Task instructions: Copy the records below exactly, starting at the line that contains "Power Cure 2.0" and ending at the line that contains "Elevated view of"; leave out any pictures.

Provided material:
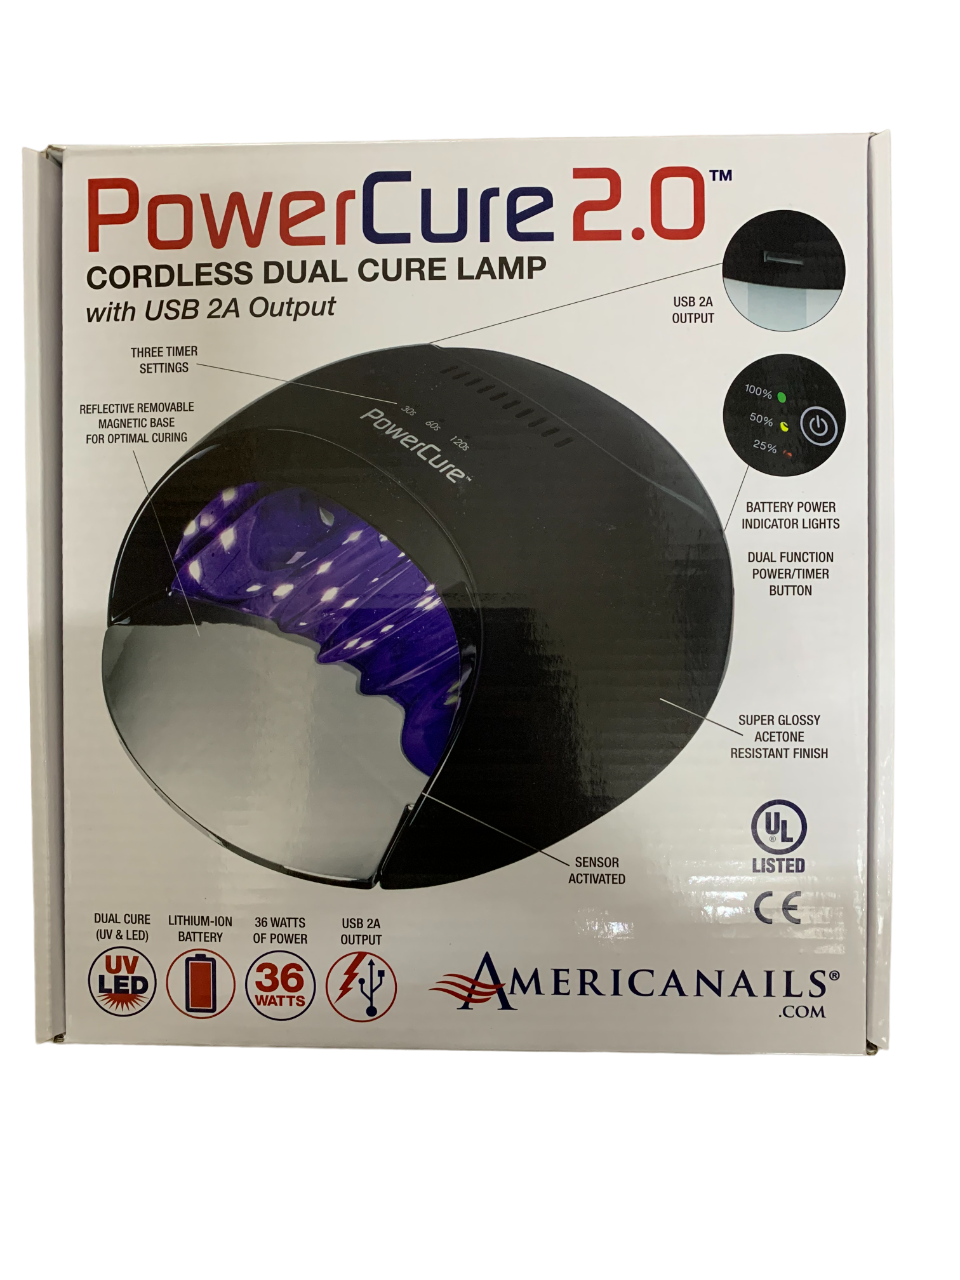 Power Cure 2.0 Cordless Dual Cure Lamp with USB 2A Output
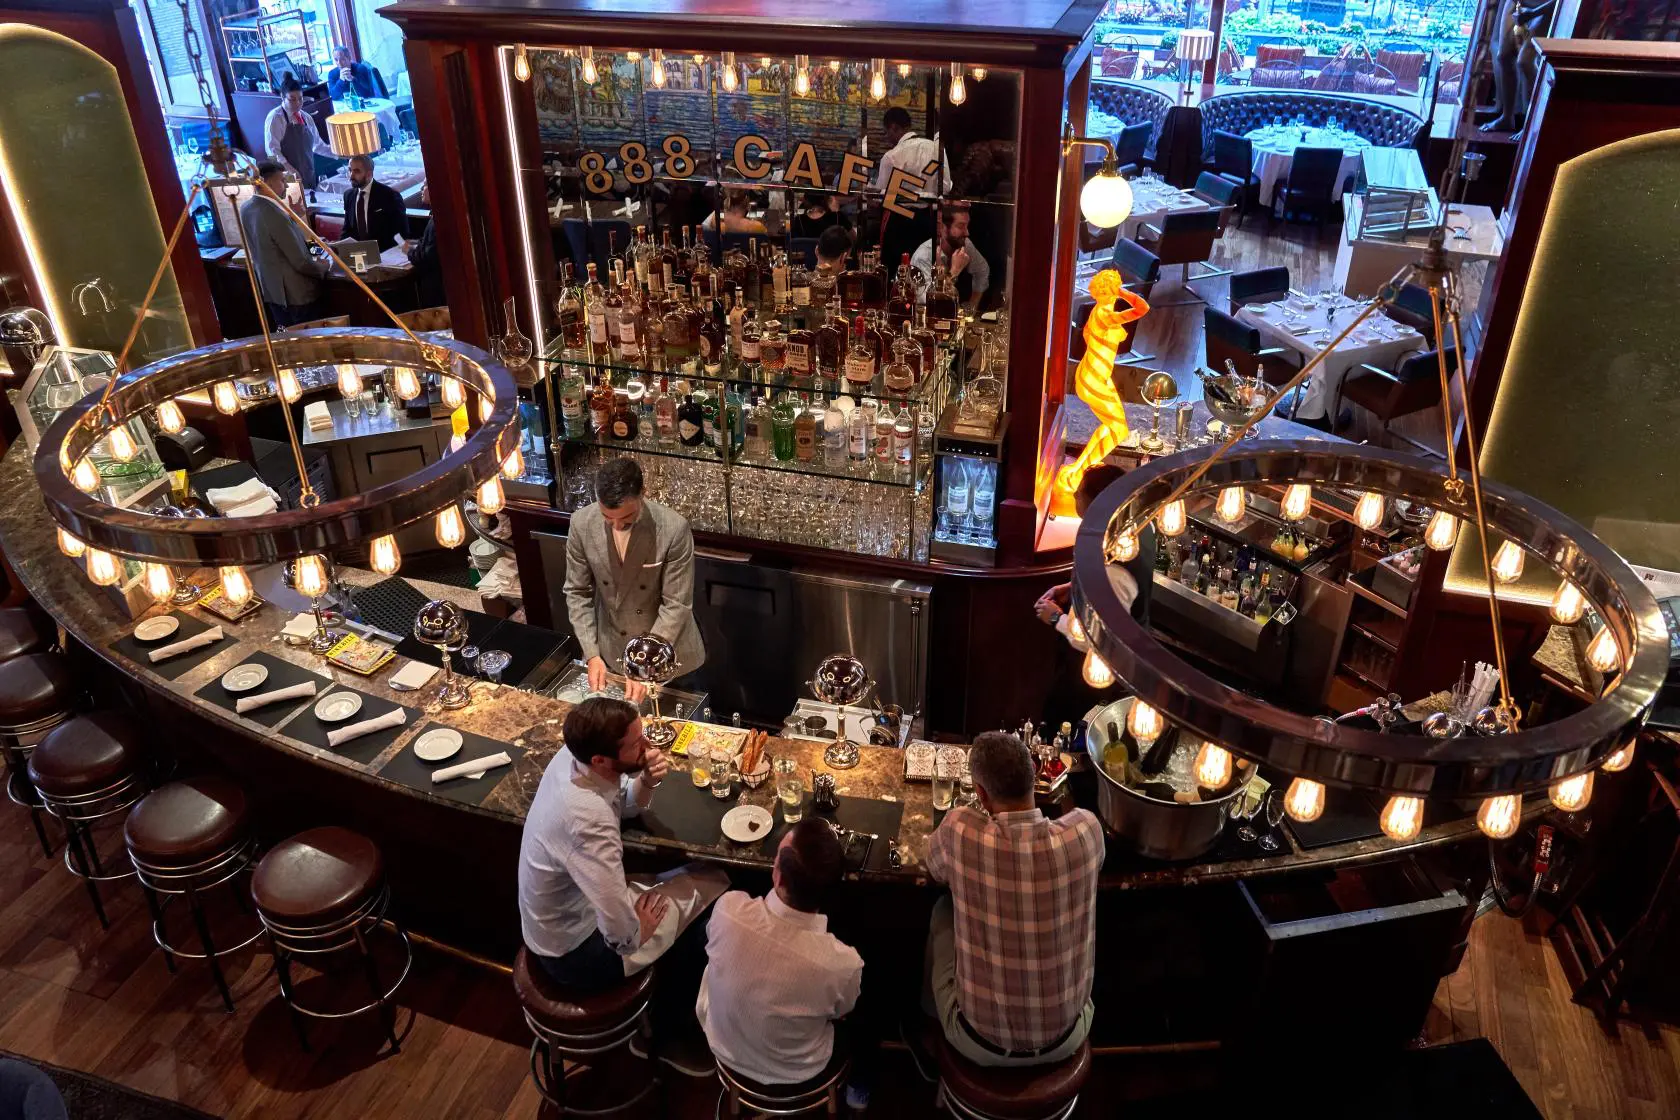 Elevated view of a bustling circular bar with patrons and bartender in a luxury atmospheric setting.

---

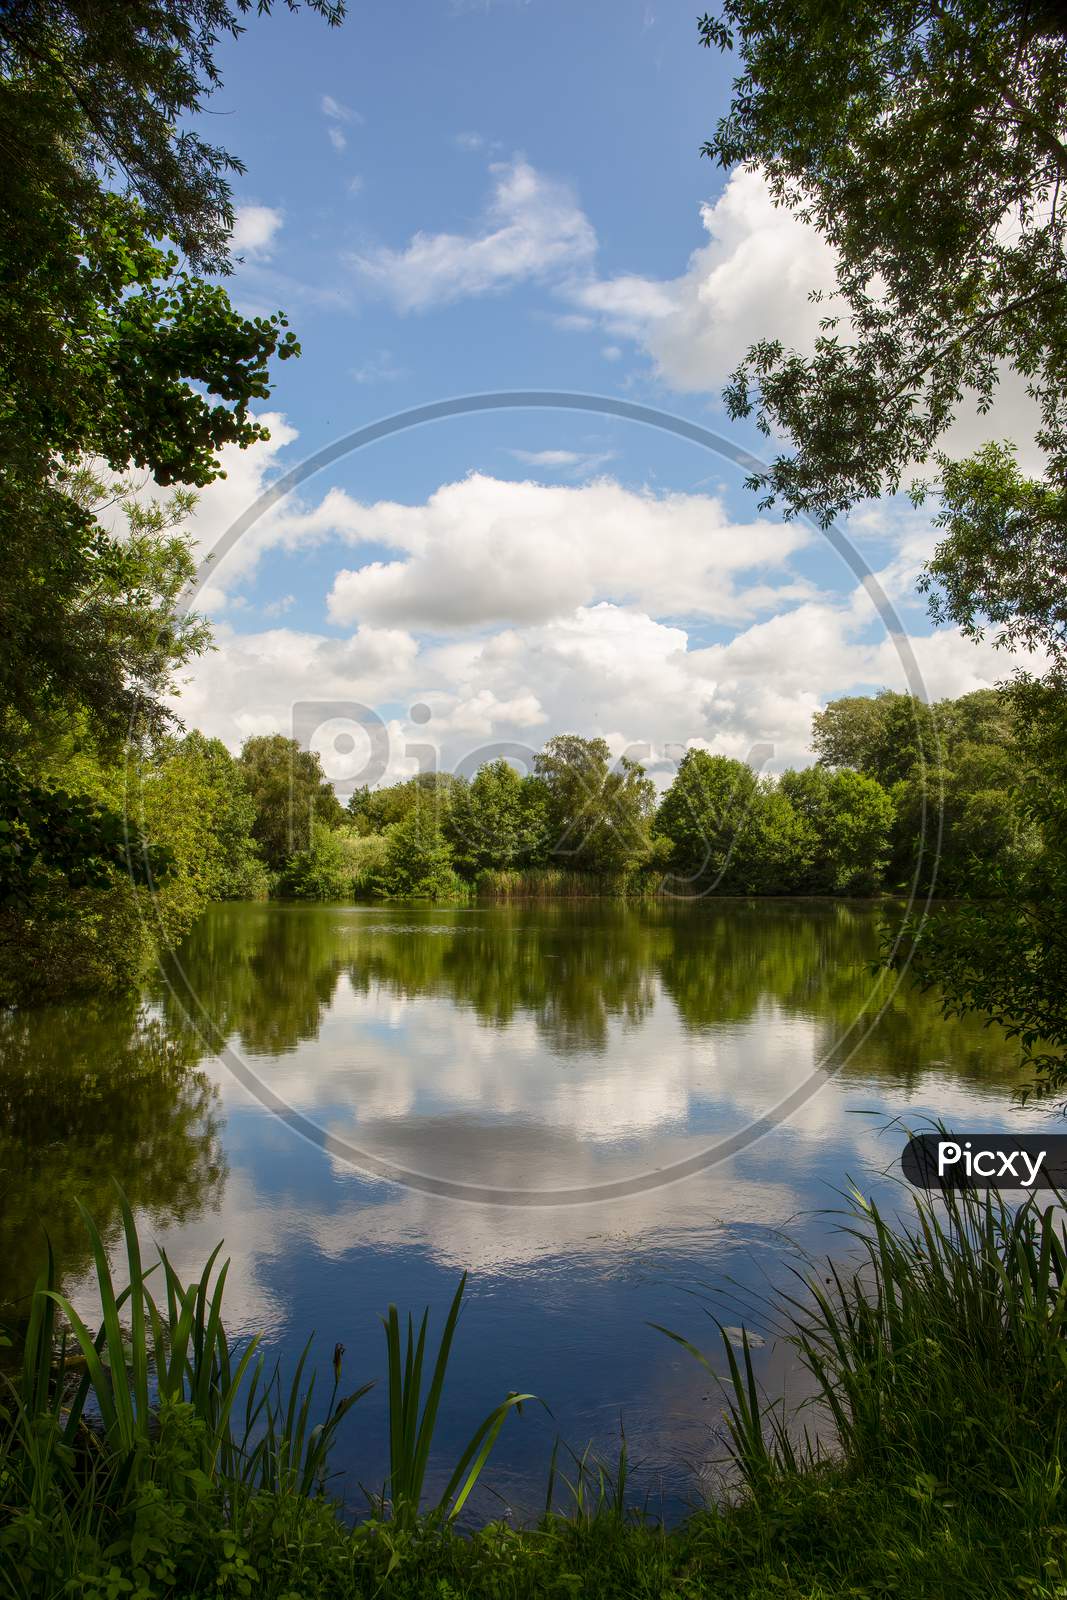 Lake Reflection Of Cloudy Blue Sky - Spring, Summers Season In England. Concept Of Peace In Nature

Reply:
 Power Cure 2.0 Cordless Dual Cure Lamp with USB 2A Output
 Elevated view of a bustling circular bar with patrons and bartender in a luxury atmospheric setting.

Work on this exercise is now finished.